Friday, May 8, 2020

Make Your Protagonists Pay More to Achieve Their Goals - Bigger stories through better prices

I did a series on the value of identifying pivot scenes and using them to create focus for a story. One thought I shared was The gap between the price the hero expects to pay to achieve the goal and the actual price is the story.  This post will take a closer look at that premise, beginning with a few examples (many spoilers ahead):

Diehard provides a direct, simple example. John McClane wants to reconcile with his wife Holly and bring her and the children back to New York. A good, thoughtful conversation should succeed, right? John thinks he’ll find her adrift in LA.  Wrong. She’s thriving. But he makes his pitch anyway and botches it. It’s a small domestic drama at this point.  Then the super thieves show up. The simple answer? Call the cops and get some help. Or bring in the fire department. No way. The bad guys have those angles covered. And when help finally arrives it’s inept and makes John’s job more difficult. Before it's over, he has to risk his life, out thinking and ultimately wiping out a band of super thieves essentially single-handedly. It takes physical prowess, intellectual skills, and courage for him to succeed.

In Casablanca, Rick has lost his purpose and become a drunk. He also lost Ilsa, and, for a while, his goal is to settle things with her. Either by getting her back or by making her suffer. But his real goal, expressed through actions like helping a stranded couple, is to recover his purpose. To do that, he has to "stick out his neck" for others. Ultimately, this costs him his bar, his safe harbor, his position in the community, and the shell of protection he built around himself. He has to risk his life taking on the Nazis in Casablanca, and finally must sacrifice what’s most precious to him – letting go of the woman he loves.

In Apollo 13, the goal of landing on the moon is lost early in the story. But Lovell is only able to let go of that dream once the crew passes out of the moon's orbit. That's part of the price he pays for the real goal, getting home alive. The basic idea for returning home is to use the lunar excursion module as a lifeboat, travel back to earth, then returned to the command module for reentry.

But, there are obstacles along the way, including illness, carbon dioxide levels, completing thruster burns, calculating angles, and more. Some of these are anticipated but don't have answers. Some of them emerge over time and require imagination and courage. A key moment is when Lovell defies the flight surgeon and tears off the telemetry equipment. That's an act of rebellion very different from his nature and signals his willingness to recognize and pay unexpected prices to survive.

I think The Shawshank Redemption illustrates the value of price best. When you put a sympathetic character like Andy into prison, freedom is the assumed goal. Obvious dramatic choices are proving the protagonist's innocence, parole, and escape, and Shawshank doesn’t disappoint. The story’s poignant glimmer of hope is when the true murderer is identified, but this is crushed when the key witness is murdered. Ultimately the hero must escape to gain freedom. But, along the way, prices are paid. Any is brutalized. He's forced to collaborate with his ruthless and corrupt jailers.

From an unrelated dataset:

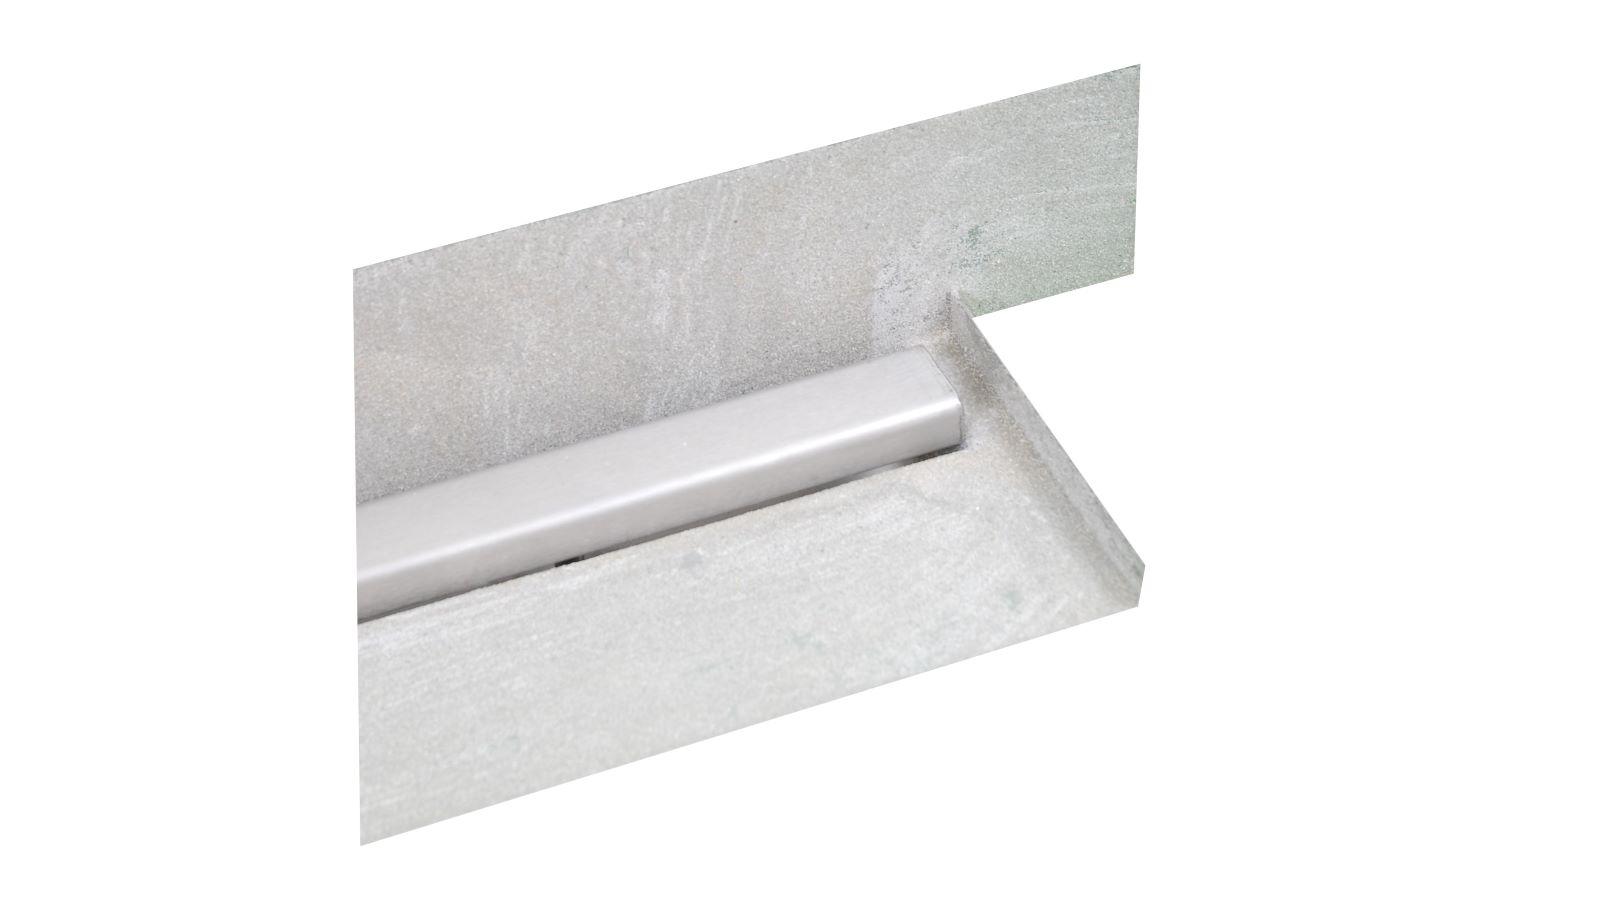 Die abbildung zeigt die sonderanfertigung der v4a edelstahl-duschrinne pro mit seitlichen ausfuehrungen fuer den wandbuendigen einbau. Rechts schliesst die massgefertigte duschrinne pro direkt an die glasduschwand an. Die individuelle seitliche ausfuehrung der duschrinne pro ist entsprechend hinten aufkantung fuer wand und rechts kleine aufkantung im rechten winkel fuer glasduschwand.

He also has to escape from the prison he's built himself in his mind, at one point expressing his free spirit through daring to share music he loves. He has to transform his hobby, being a rock hound, into the serious business of creating a way to escape. The story vividly explores the idea of long-term prisoners becoming institutionalized, doomed never to truly be free. And the brilliant climax presents years of planning, sacrifice, and stealth in one rush of images as it shows the story, narrated by Red, of Andy’s escape. And it dots the Is by turning the tables on the warden. The hero is paying a price in plain sight of the audience, but this is only revealed near the ending.

So what kind of price should you exact from your protagonist? My advice is to do three things:
  1. Make the goal bigger. Reconcile with a spouse becomes escape a life-threatening situation. Recover love becomes recover purpose and identity. Reach the moon becomes getting home. Stay safe and mentally free in prison becomes escape and save someone else. Note: The original goal (like reconciliation) may or may not survive the escalation.
  2. Pick a price worth exploring. The easiest way to do this is by clearly articulating your story’s theme. The Shawshank Redemption explores the cost of freedom at many levels through several different characters. Consequences, including punishment and suicide, are vividly presented. Tools for freedom - including courage, ingenuity, knowledge, connection, and power - are put into play.
  3. Make it personal. Primarily, this means digging into the needs and flaws of the protagonist. Price is relative to vulnerability. Price requires personal change, often at the deepest levels of identity. Secondarily, making it personal means choosing a price with which you, as the author, connect emotionally. If it's a price that horrifies you or embarrasses you or makes you profoundly uncomfortable, it's likely to make for a strong story.
In the pivot series, I provided a list of questions to help identify these critical scenes. And, with that list, you can find scenes in stories you love and use them to gain a better understanding of prices characters pay and how the simple answers fall away to reveal the real cost.

But you also can dig into prices you yourself have paid in your life that were larger and more difficult to pay than you imagined. Having these in hand will give you ideas and a sense of proportion for whatever you are asking your protagonists to take on.